My head thumped the wall. "I love you with all the addiction in my heart," I said,
grinding my teeth.
"Busy," Donna said. She hung up then hit redial.
"You stay home too," I said. "Be my nurse."
She whipped her towel off. Her hair fell loose. "Big talker," she said, and dropped
her robe a little. She shimmied her shoulders, made cleavage. She wiggled forward,
stretching a smile that would make an angel hard. I touched my thumbs together
and framed her with my hands. She kept coming. Her face zoomed. I felt dizzy.
My hands were trembling. I couldn't have looked dumber.
That was in June 1986, day seventeen of my second marriage. It was a Thursday.

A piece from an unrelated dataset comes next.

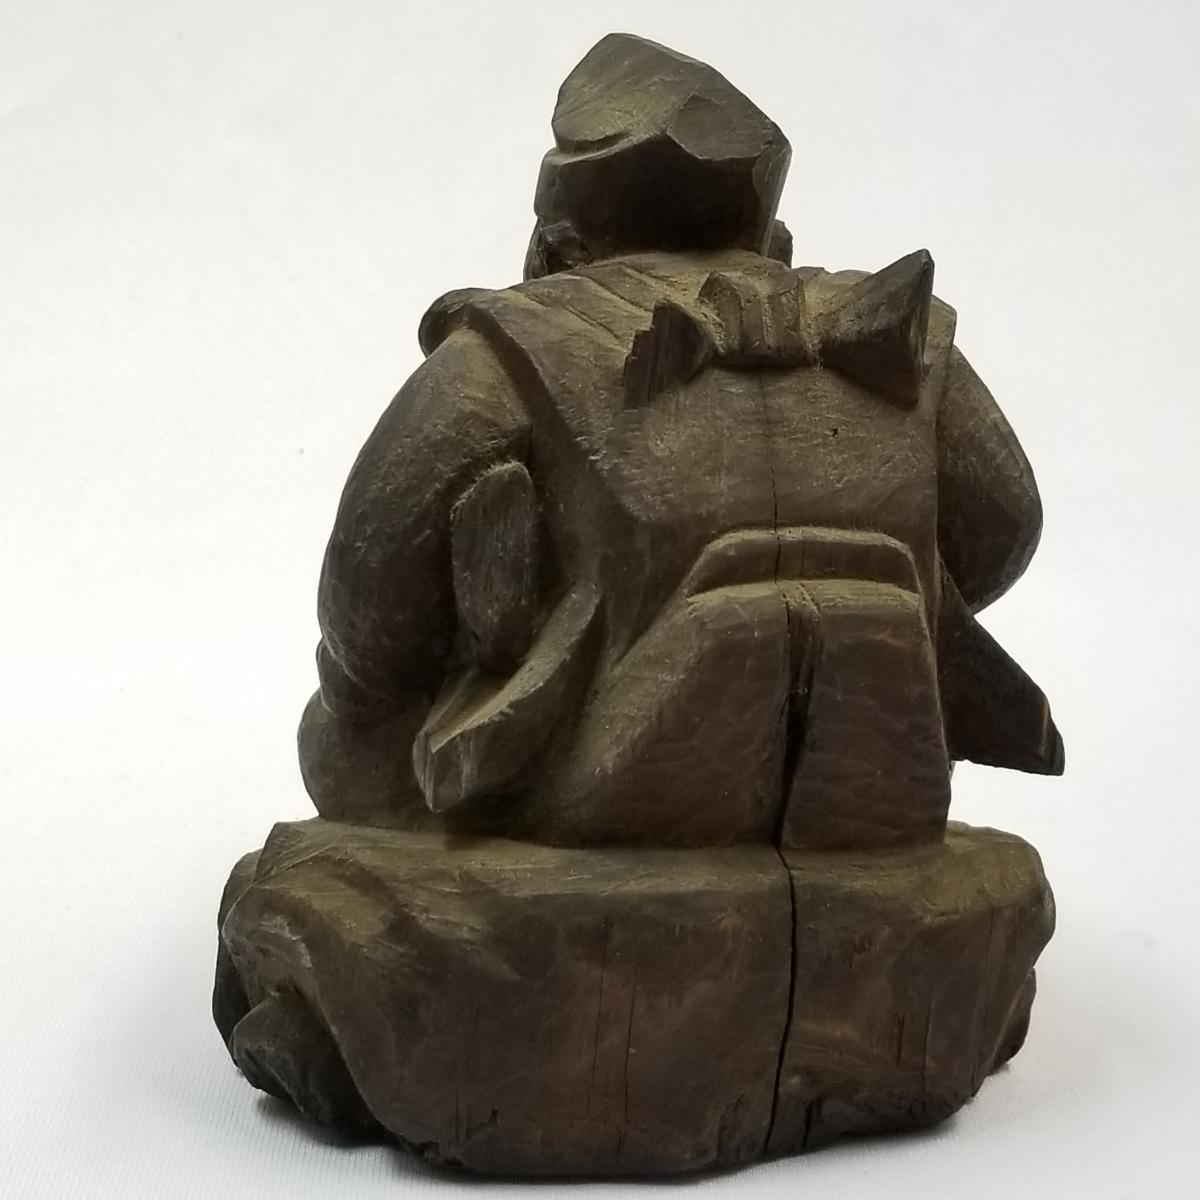 ◇時代物 木製 木彫り 彫刻 置物 恵比寿大黒 検索/ 仏具 仏像 寺院 宗教 東洋 中国美術 アンティーク (t5-3/1_画像10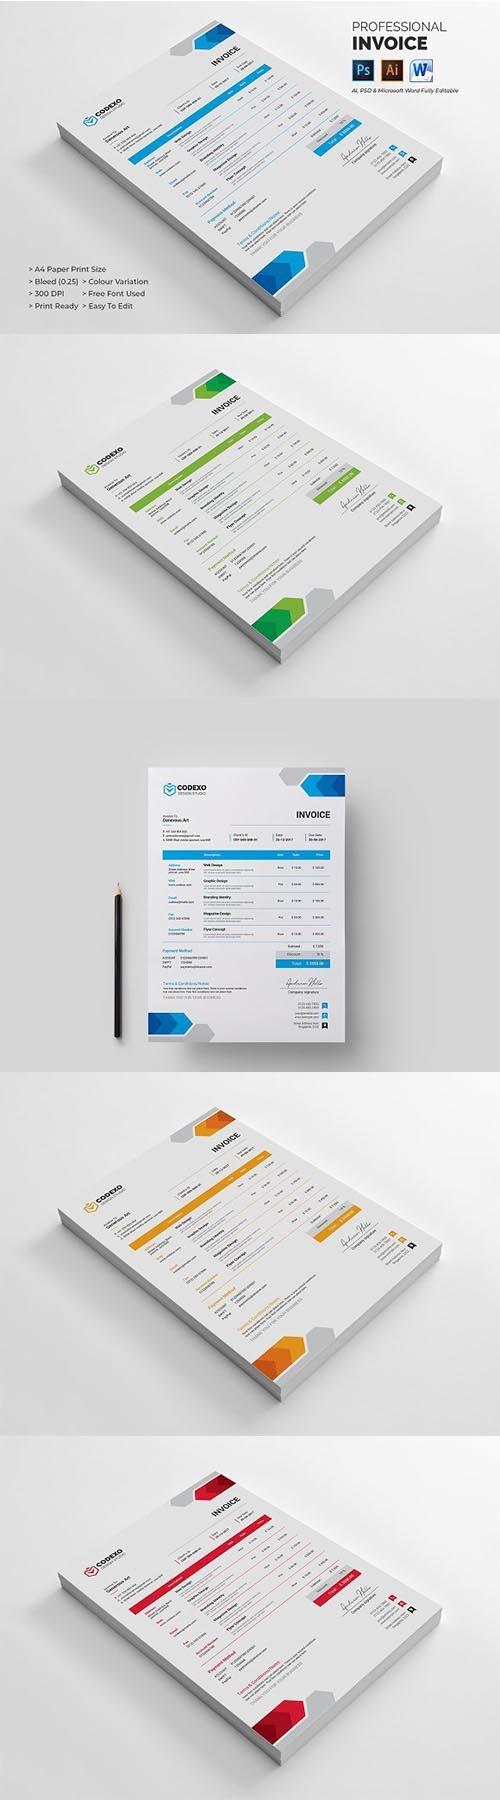 CreativeMarket - Invoice 2291878

I was in a big hurry to get to work, get paid, get high. I was ninety-seven pounds
and always in a hurry.
We both called in sick. We both got reprimanded. All night we tried to make love and couldn't.
The Thursday part is a lie. I really don't remember if it was pay day. Give me a calendar
and a sharp pencil, and half a minute, I could figure it out, but it's not important.
What I remember is how hard it was being alive and straight, clean, sober, married
seventeen days to the wrong woman.
All that night our phone didn't ring. But in the morning it would. And Donna would answer.
And she would politely ask Heather what she wanted and then she would ask me. And for once
I would be honest. Then she would pass the phone to me, and that would be the end of it.